# INSTRUCTIONS FOR THE TASK
Please copy only the material from the line that has "Wie ein Netz" to the very last line, both ends included, exactly as written and without pictures.

*** COLLECTED DATA ***

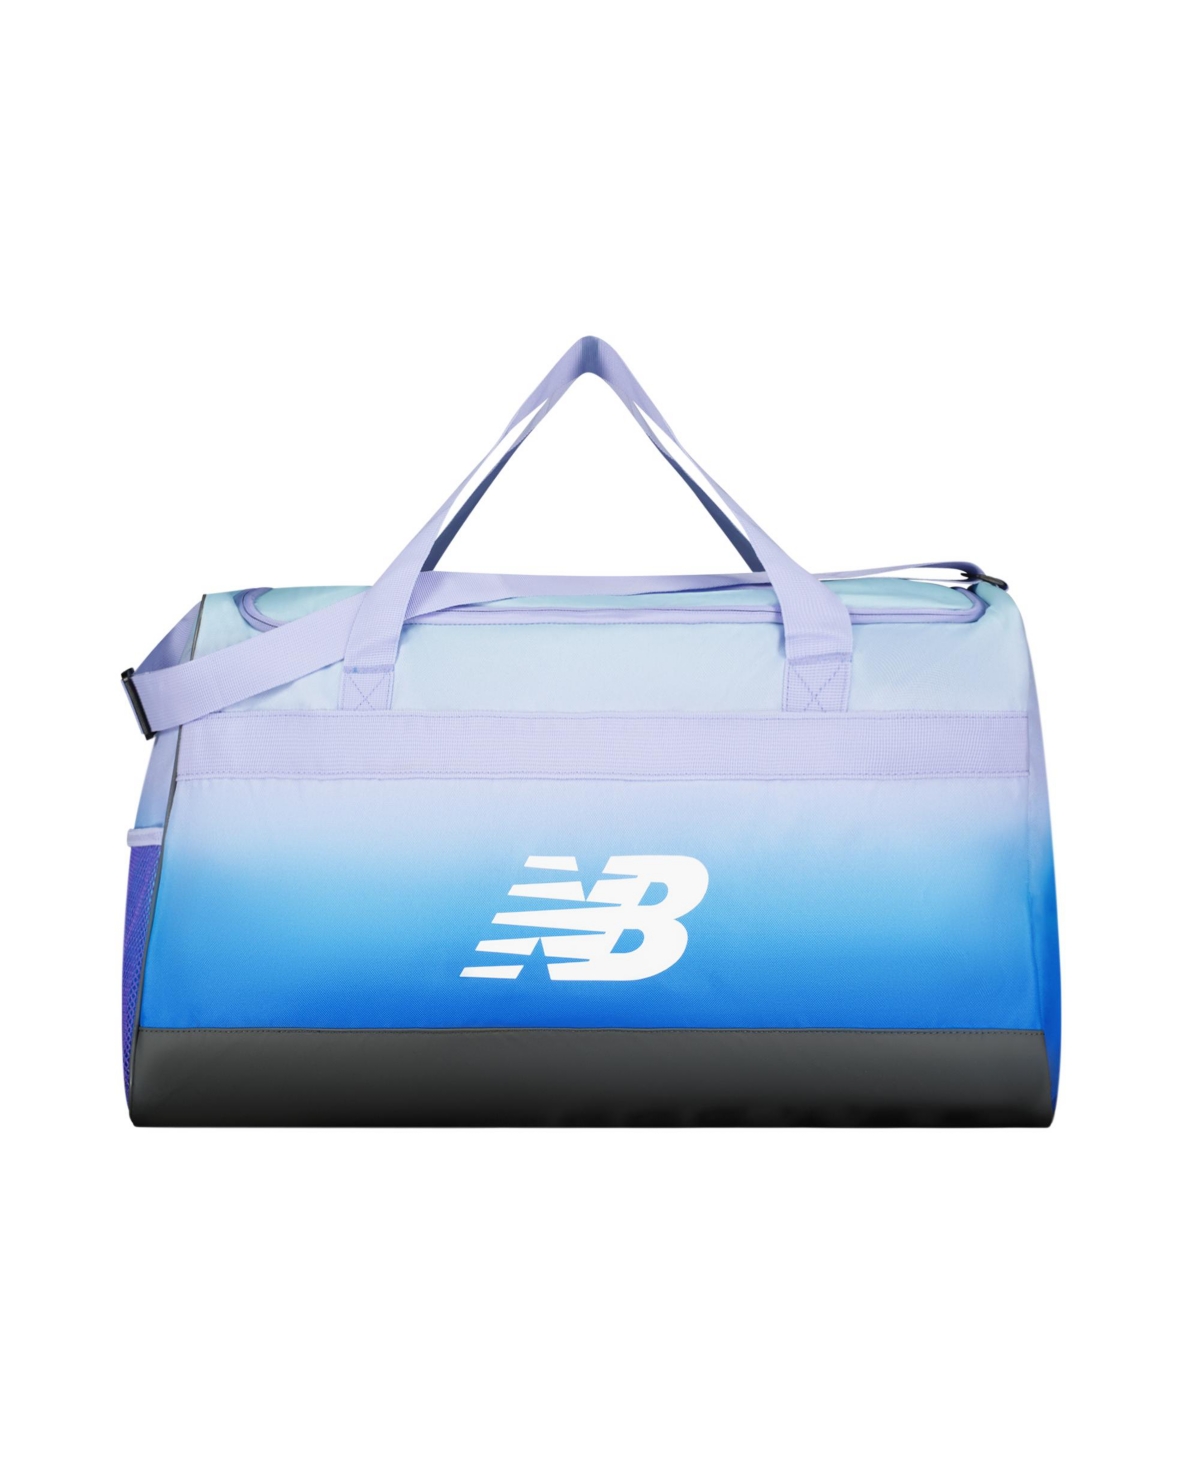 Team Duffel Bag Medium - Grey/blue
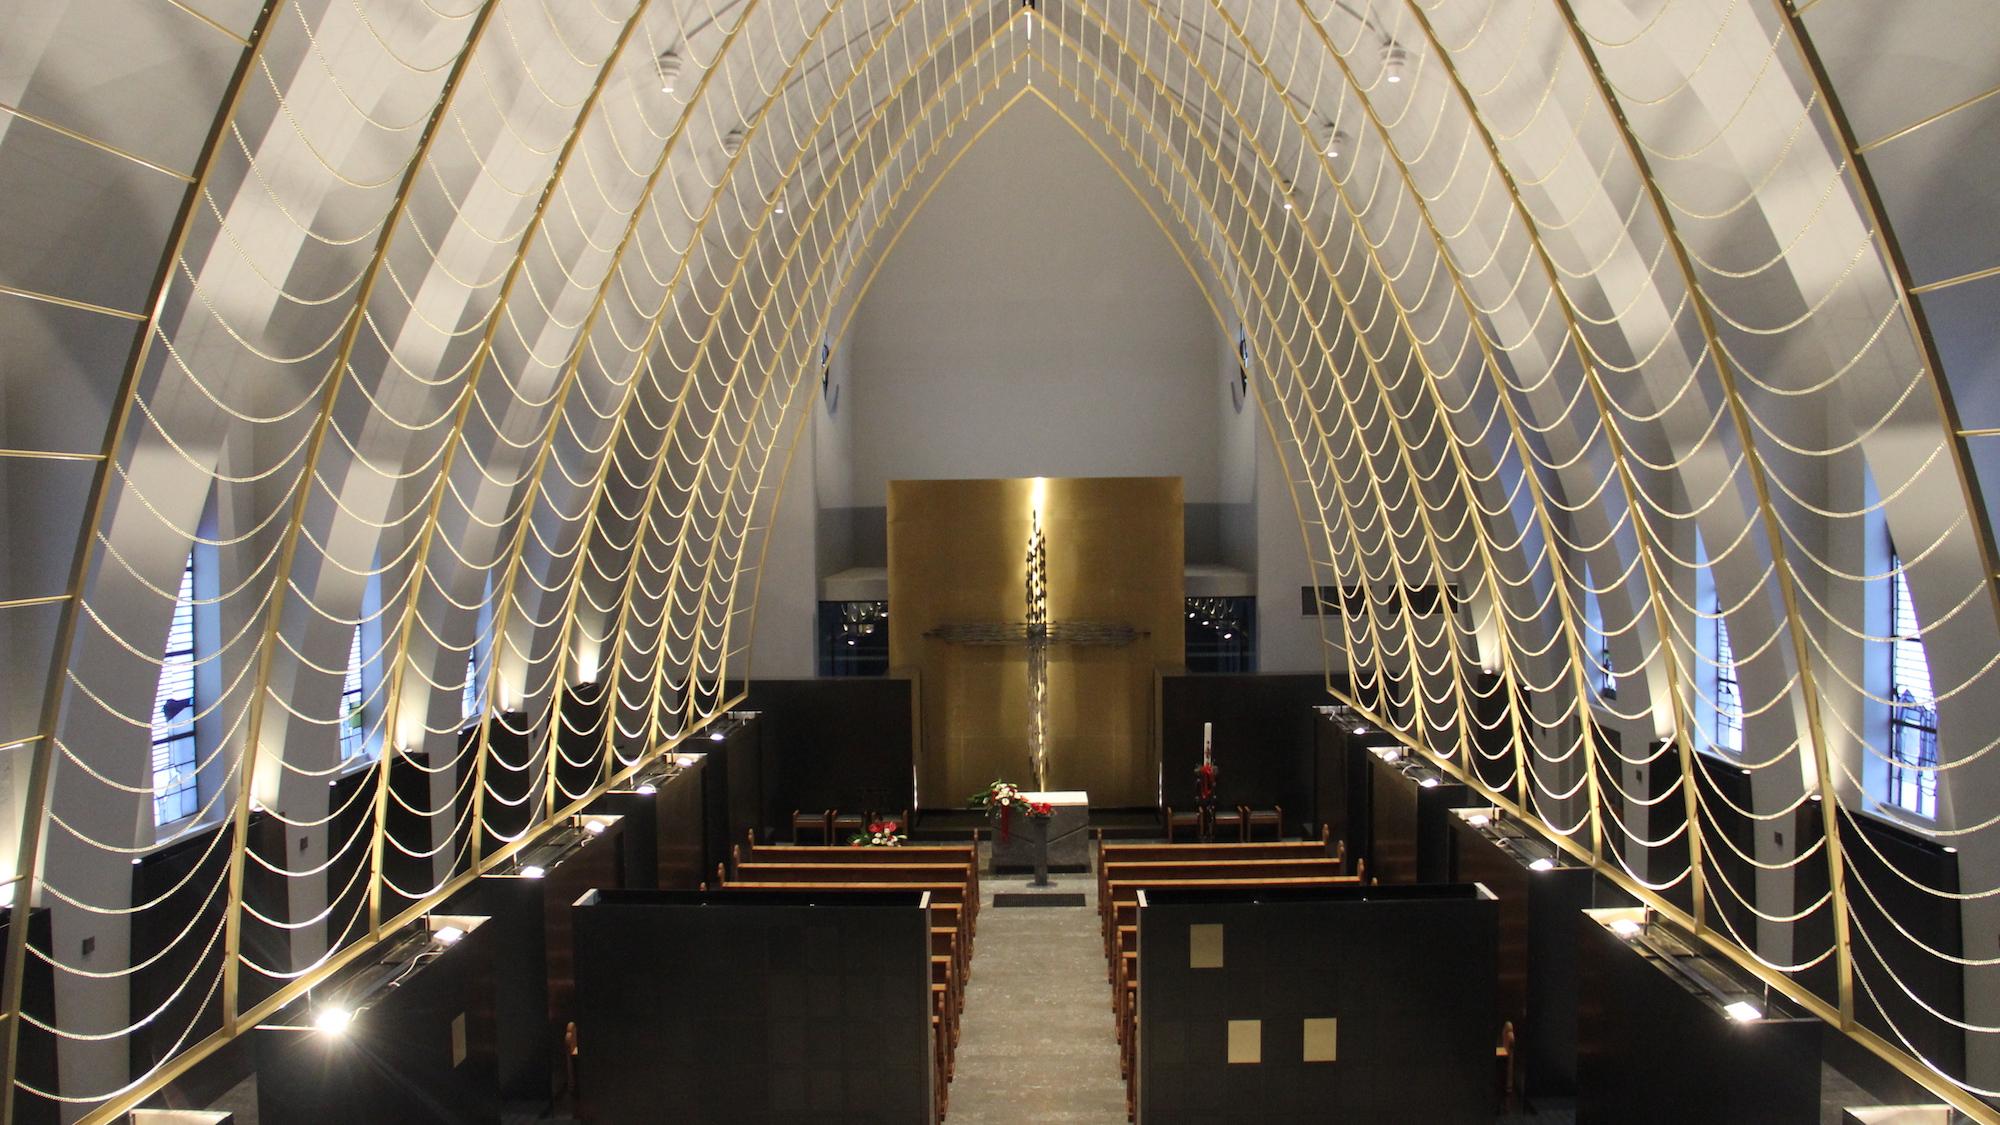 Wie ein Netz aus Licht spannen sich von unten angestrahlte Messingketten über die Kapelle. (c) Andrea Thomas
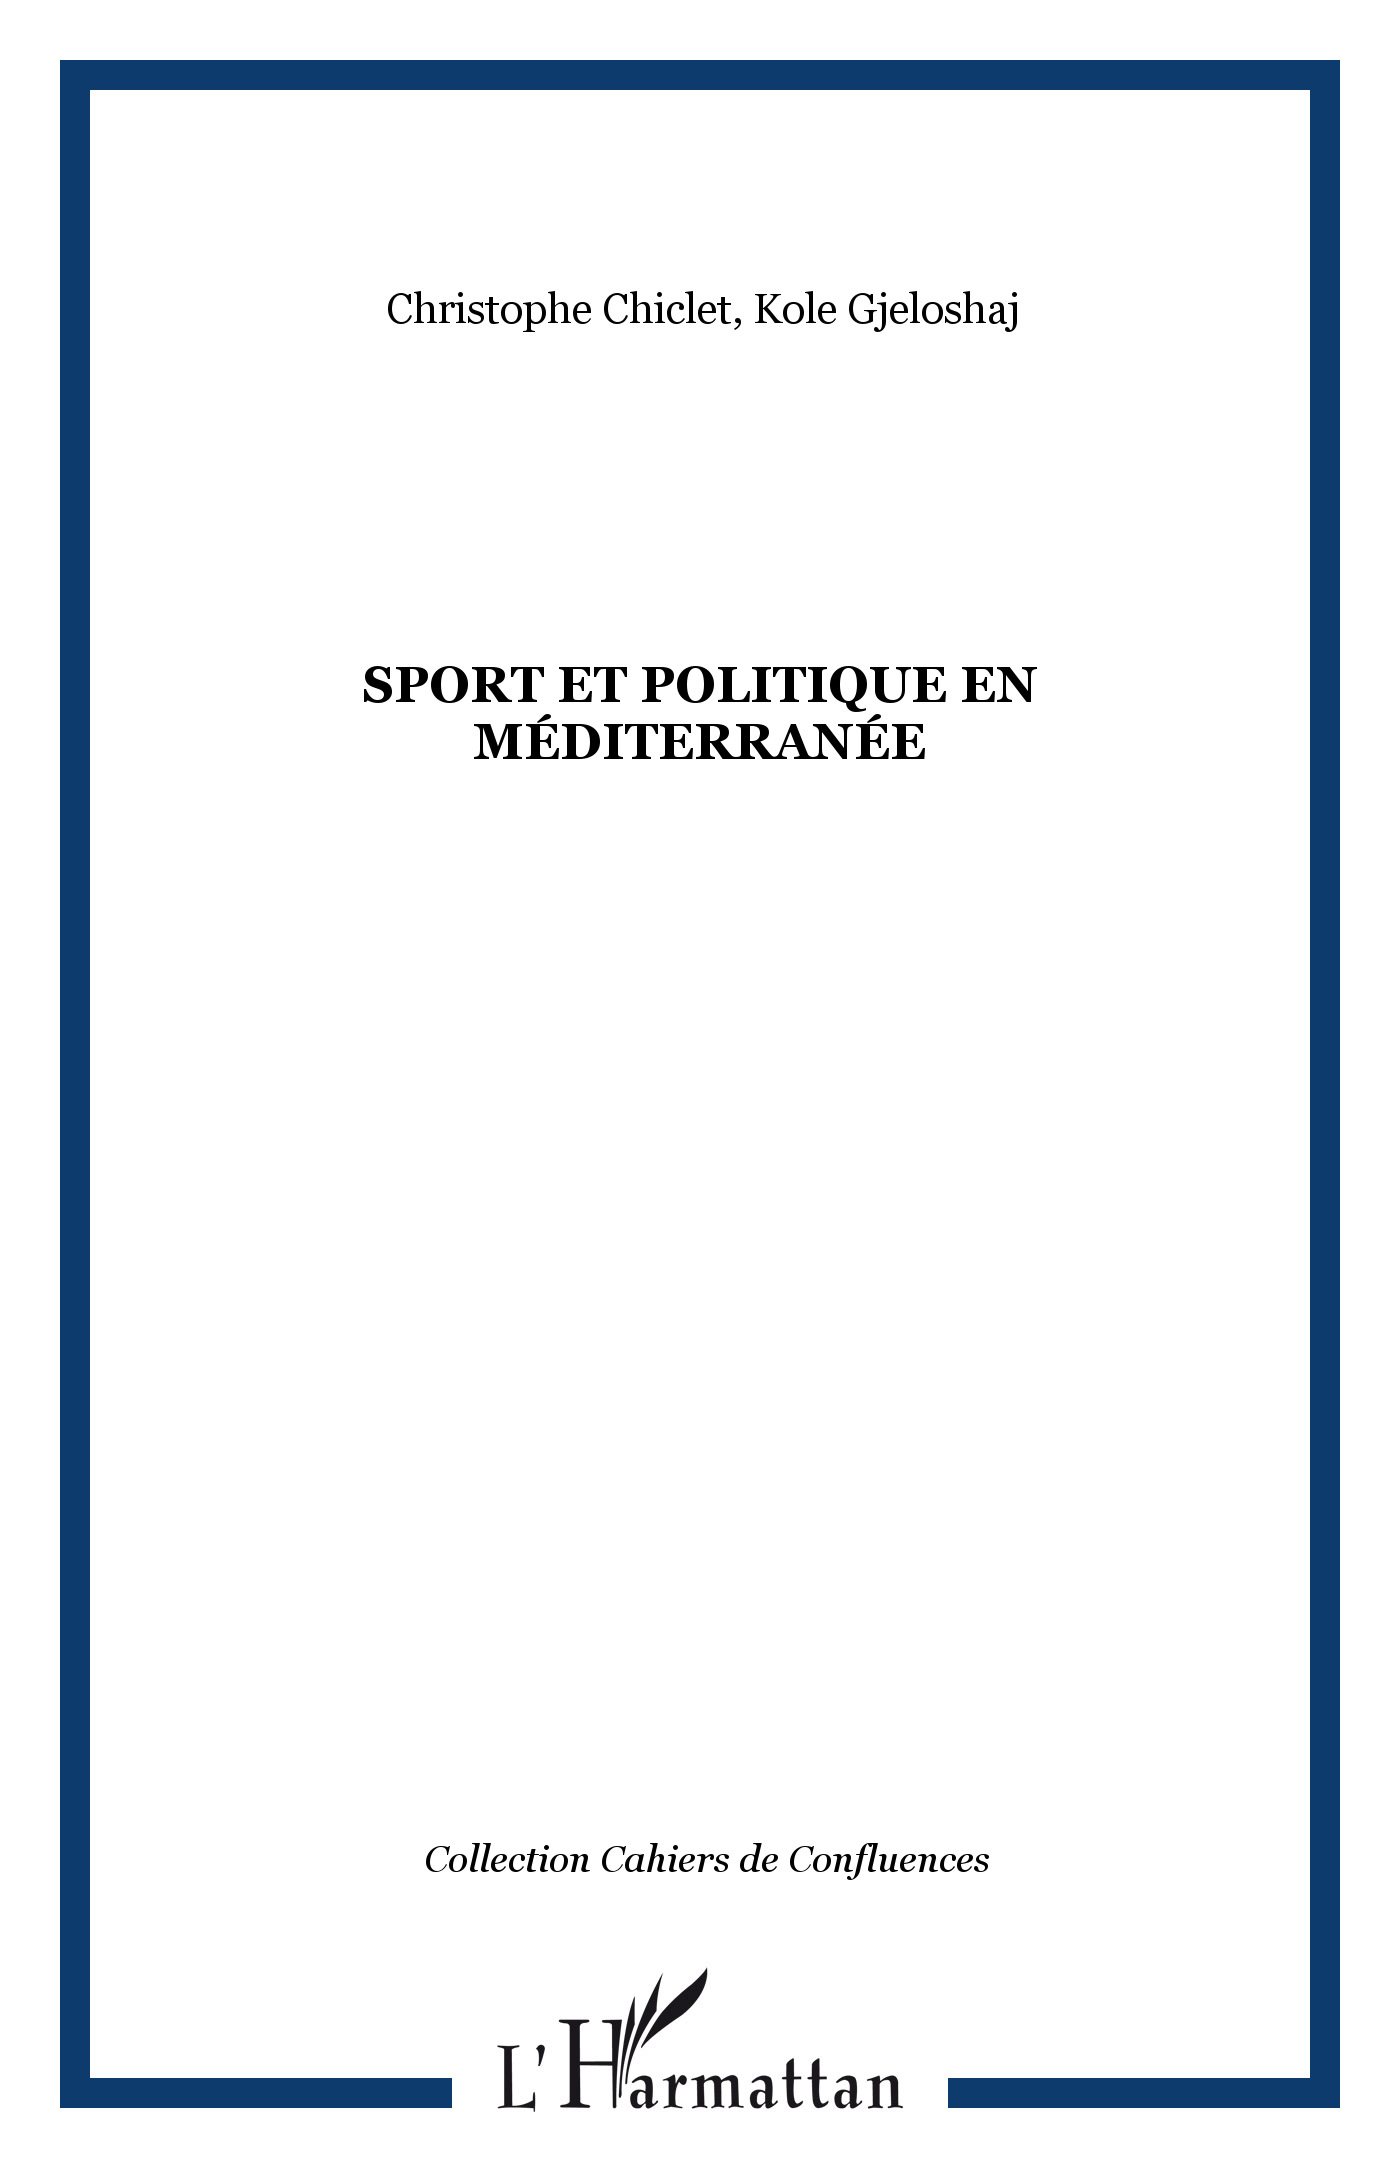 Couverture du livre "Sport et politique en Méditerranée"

*** End of COLLECTED DATA ***

# ANSWER TO THIS TASK
 Wie ein Netz aus Licht spannen sich von unten angestrahlte Messingketten über die Kapelle. (c) Andrea Thomas
 Couverture du livre "Sport et politique en Méditerranée"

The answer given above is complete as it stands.